I mean, I’ve been saying this since LLMs were released.

We finally built a computer that is as unreliable and irrational as humans… which shouldn’t be considered a good thing.

I’m under no illusion that LLMs are “thinking” in the same way that humans do, but god damn if they aren’t almost exactly as erratic and irrational as the hairless apes whose thoughts they’re trained on.

Lost_My_Mind@lemmy.world · 2 个月前

As someone who takes public transportation to work, SOME people SHOULD be forced to walk through the car wash.

🌞 Alexander Daychilde 🌞@lemmy.world · 2 个月前

I’m not afraid to say that it took me a sec. My brain went “short distance. Walk or drive?” and skipped over the car wash bit at first. Then I laughed because I quickly realized the idiocy. :shrug:

theredhood@piefed.zip · 2 个月前

Me too, at first I was like “I don’t want to walk 50 meters” then I was thinking “50 meters away from me or the car? And where is the car?” I didn’t get it until I read the rest of the article…

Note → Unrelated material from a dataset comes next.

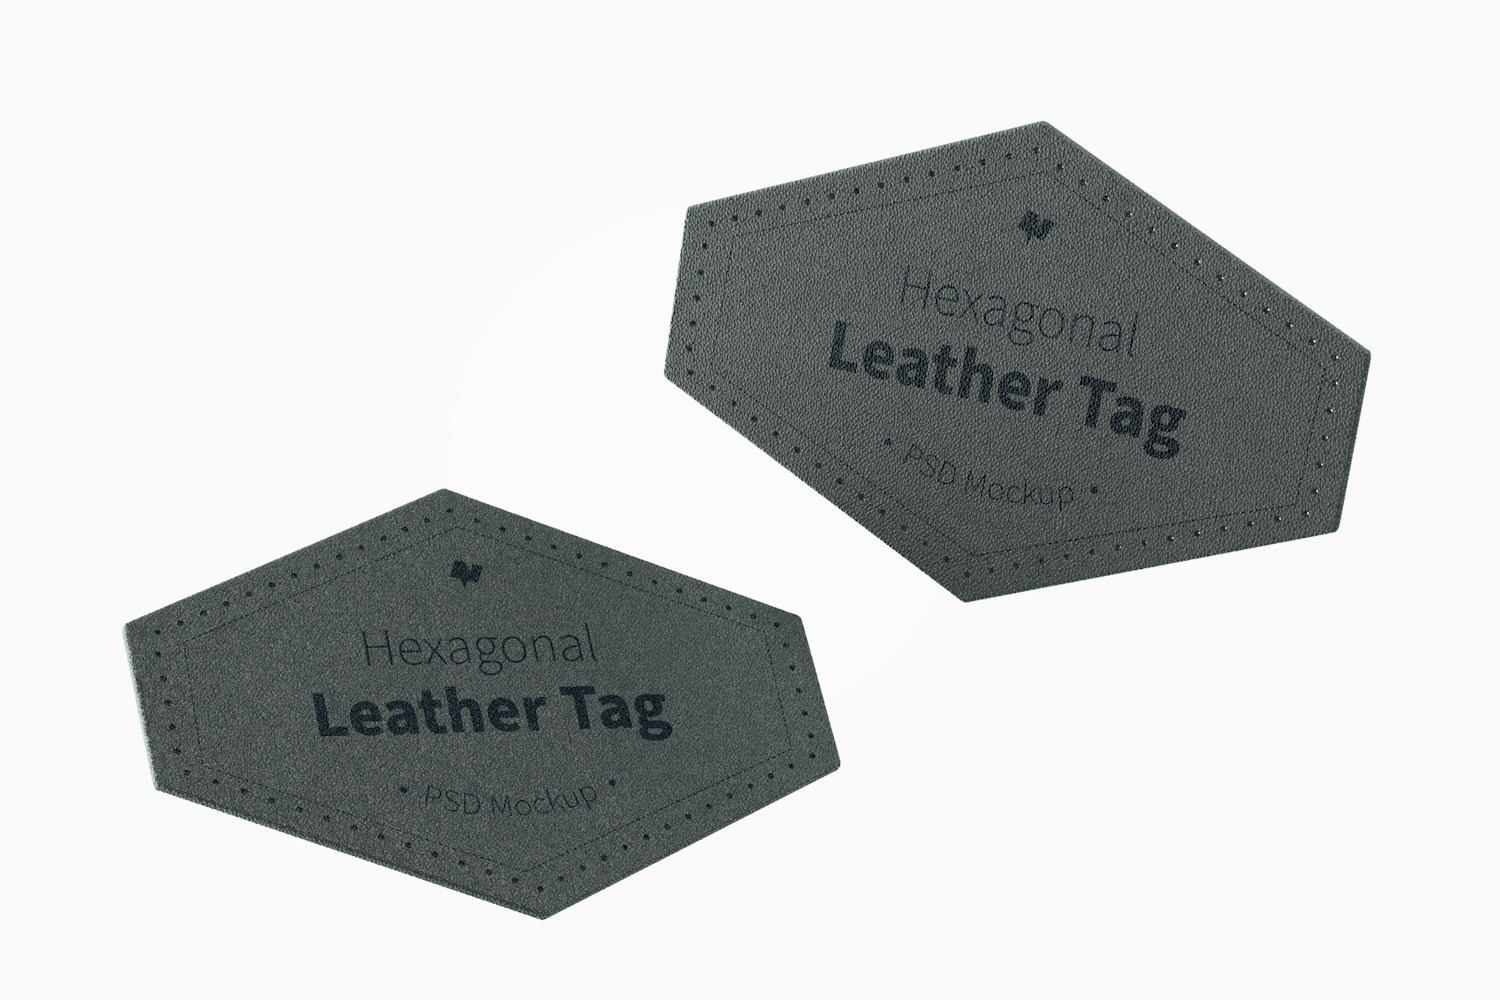 Hexagonal Leather Tags Mockup
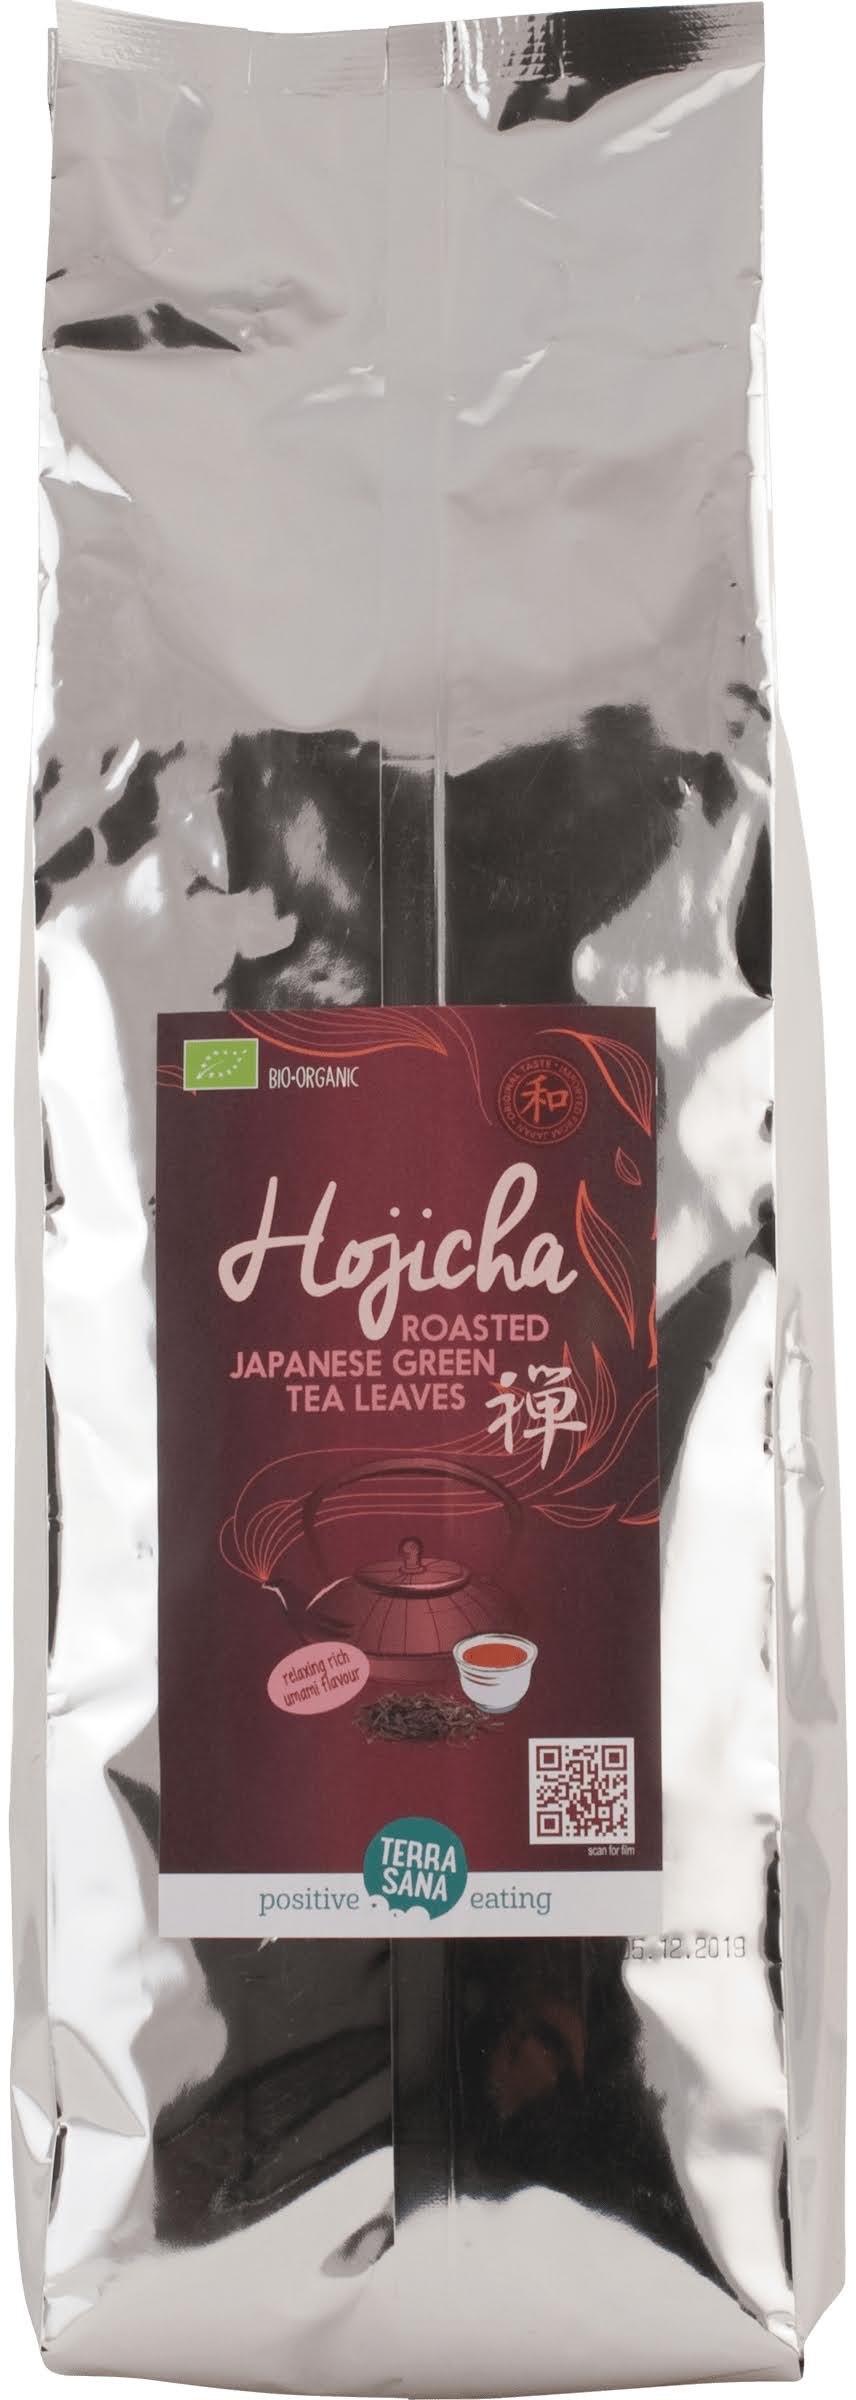 Hojicha (geröstete grüne Teeblätter)

LifeInMultipleChoice@lemmy.world · 2 个月前

Maybe 29% of people can’t imagine owning their own car, so they assumed the would be going there to wash someone elses car

FaceDeer@fedia.io · 2 个月前

And that score is matched by GPT-5. Humans are running out of “tricky” puzzles to retreat to.

CileTheSane@lemmy.ca · 2 个月前

Humans are running out of “tricky” puzzles to retreat to.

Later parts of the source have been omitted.